Full moon over Lewiston
There’s a delightful photo circulating on social media that shows a fully naked (except for sunglasses) man calmly hanging on the back of a cargo-style truck as it motors down what is purported to be Sabattus Street in Lewiston, near the Blue Goose. The man appears to be coolly reading from a sheet of paper clutched in his free hand. A shopping list, perhaps, or a map to the location where he left his pants. I’ve tried to get to the bottom of this, butt so far all I’ve gotten are bum leads. The identity of this cheeky passenger remains unknown. I have more, but my editors are already looking at me funny. I better can it.

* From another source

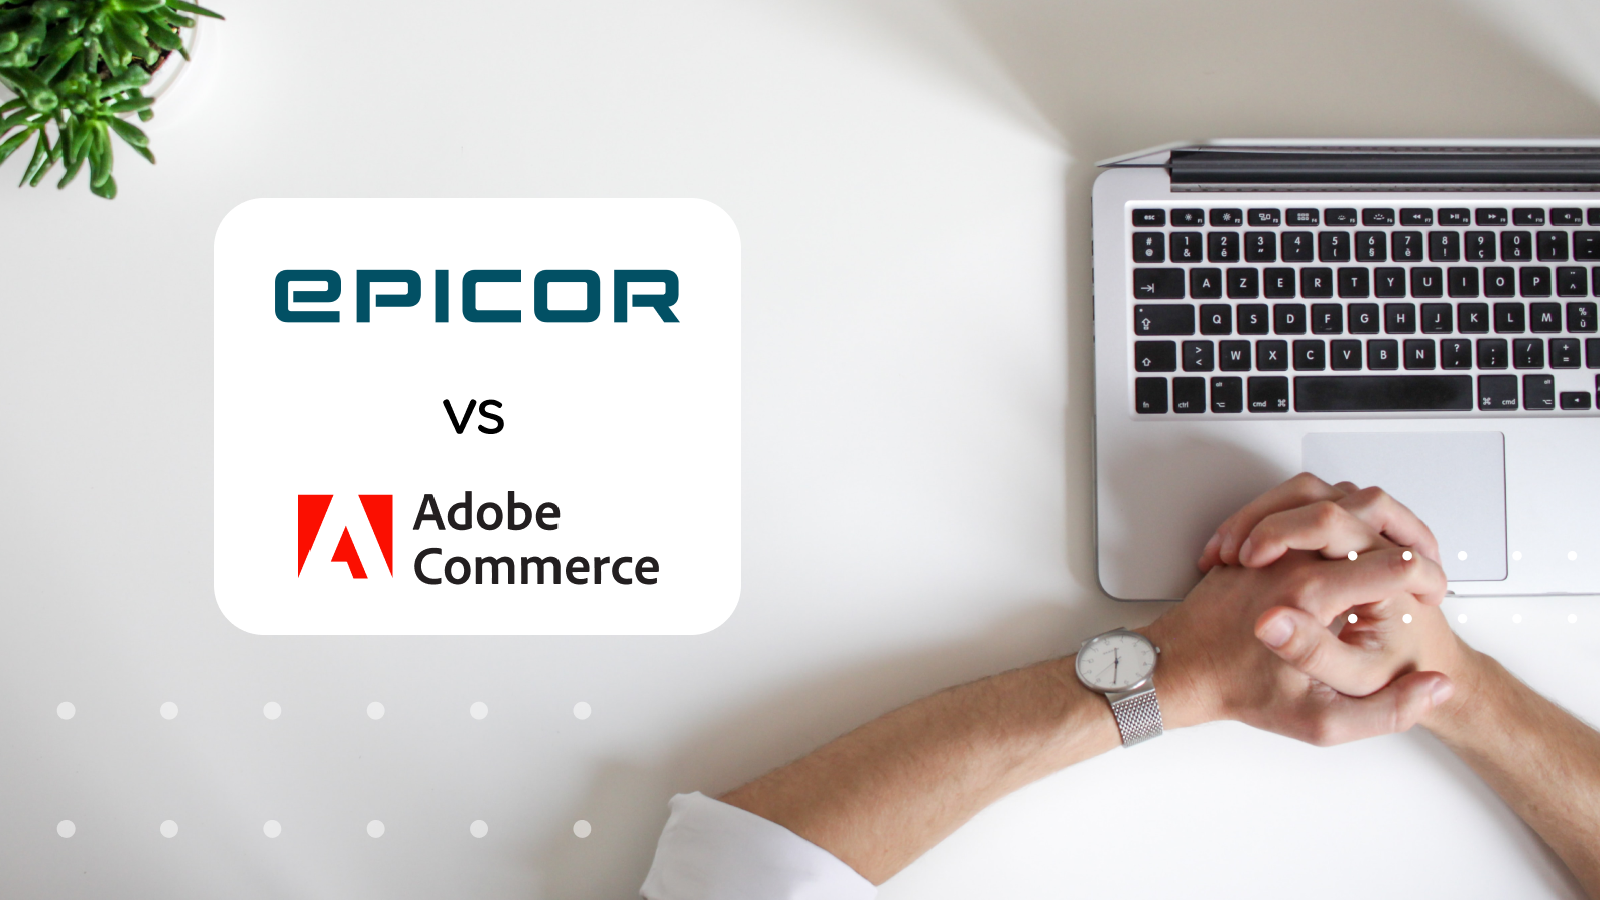 Epicor vs Adobe Commerce

Don’t MAKE me use this wand
I’ll have you people know that after weeks of grousing about the sad shortage of potato sticks in the Greater Lewiston Area, my fairy godmother brought me a gigantic can of them. Delivered them right to my home even. Nice lady. I didn’t ask where she got the goods, of course. These fairy godmothers are sweet and all, but I know for a fact that many of them are living the thug life. I’ve seen things, man . . .

And speaking of deliciousness . . .
Does anybody remember the snack mix Doo Dads from back in the day? I loved those things as a kid, then one day there they were: gone. Don’t go telling me that Chex Mix or any of its hideous cousins are just as good, either, Bub, because they ain’t. I’m pretty sure Doo Dads were made of salted ambrosia, pretzels baked in heaven and possibly crack.

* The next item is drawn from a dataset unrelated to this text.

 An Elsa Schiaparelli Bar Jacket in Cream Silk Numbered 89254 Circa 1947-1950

Forgot my %[email protected]#@ bag
The plastic bags have disappeared from the grocery stores and man, our lives will never be the same. Where we used to storm across the parking lots because we’d forgotten our face masks, now we’ll make that same march of rage because we’ve forgotten our dainty little disposable bags. I, for one, plan to have one of those bags knitted to my hands mitten-style so I’ll always have one. Who knows, it could start a happening new fashion trend. I’m known for that kind of thing, you know.

It’s people!
I messed up bad and forgot to get to the Bridgton drive-in last week for a showing of “The Shining.” As a consolation, I’ll get there this weekend for “Soylent Green.” The beauty of this movie is that you don’t have to spend money on popcorn or burgers at the food stand. If you get hungry, just take a bite out of the guy in the next car. It’s all in the spirit of the film, after all, and I’m sure that stranger will get a kick out of it when you gnaw off one of his ears.